Our worshipping communities, schools and nurseries engage with and create spaces for under fives in so many different ways, and I sometimes muse on three big questions: Firstly, how strongly is this ministry valued, celebrated, supported and prayed for by the whole worshipping community? Secondly, how are our under fives’ spaces different from those run by ‘secular’ authorities and organisations? And thirdly, where are things happening for under fives in the wider community which we can increasingly partner with and in which Christians can be involved as they live out their everyday faith Sunday through to Saturday?

Our investment in little people, and the bigger people who care for them, is surely rooted in our desire for all people to encounter the fullness of life, as offered us in Jesus Christ. Thus, in those places where stories are told and the character of children is shown and nurtured in the stories they tell through play, I am thankful for all those who listen to the stories from the lives of the little and big people around them, and who seek to share their own story and the story of Christ’s love and hope through the actions and words of their encounters.

That desire to engage with the stories of different people, and to participate in spaces where people and places can flourish as their story continues, is at the heart of volunteering. I am deeply grateful for all those across our worshipping communities who volunteer within our church structures, and for all those who live out their faith in the wider community in places of volunteering. In this there is hopefully the discovery of the mutuality of giving and receiving as volunteers’ own stories are also shaped and enriched in places of relationship and community.

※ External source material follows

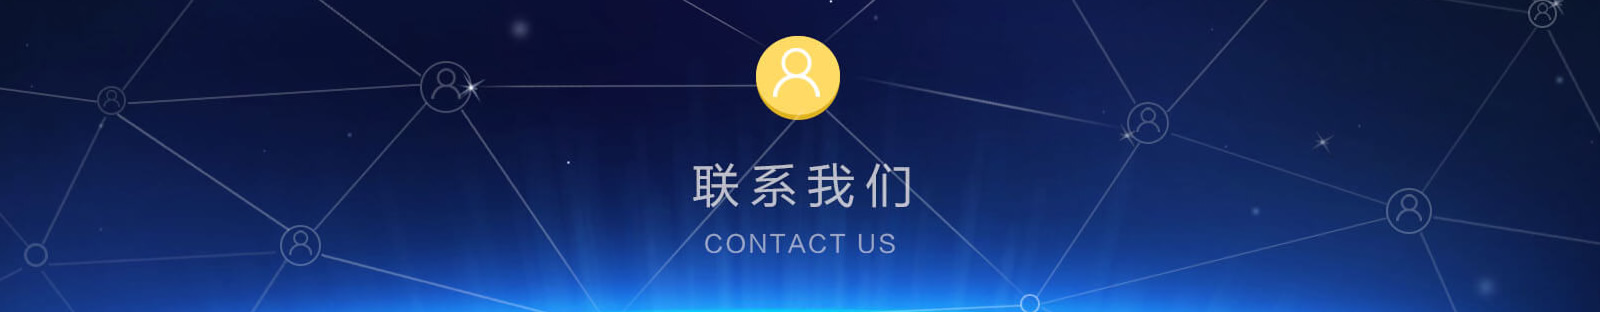 上海金蝶软件服务-联系我们

For followers of Jesus Christ, it is about living, discovering and sharing the love and hope of Jesus Christ in being present to people and creation in all aspects of volunteering.

Community volunteering is a key theme within the plans for the Coronation, and the Bank Holiday Monday (May 8) has been named as ‘The Big Help Out’. It will be the focus of our diocesan cathedral celebration of the Coronation of The King and The Queen consort, which will be on the Monday morning before people return to local activities. Bishop Robert and I hope that many people who volunteer within our church communities and across the wider community will be present for the short service. Please do encourage those you know who volunteer in many different ways to book a place. It would be particularly wonderful to have a diverse range of ages, stories and ethnic backgrounds present among the volunteers. Details of how to book are here.

As of this week, there is also a new app which is open to the public to sign up for volunteering opportunities. I hope that worshipping communities will not only register their own appropriate volunteering opportunities (often opening the possibility for people in the wider community to begin to belong and explore faith), but will also continue to build strong partnerships with organisations in our communities. It is sometimes better to encourage people to build relationships and live out their faith by volunteering with existing events and organisations rather than always trying to initiate things as the Church.

Together, may we learn yet more about giving and receiving as we participate in the Kingdom of God, committed to the flourishing of people and place, and our desire for children, young people and adults to encounter Jesus Christ:

‘Jesus said, “God’s kingdom is like an acorn that a farmer plants. It is quite small as seeds go, but in the course of years it grows into a huge oak tree, and eagles build nests in it.”

Another story. “God’s kingdom is like yeast that a woman works into the dough for dozens of loaves of barley bread—and waits while the dough rises.”

All Jesus did that day was tell stories—a long storytelling afternoon. His storytelling fulfilled the prophecy: I will open my mouth and tell stories; I will bring out into the open things hidden since the world’s first day.’

(Matthew 13:31-35, The Message)

 

With my thanks and prayers this Lent.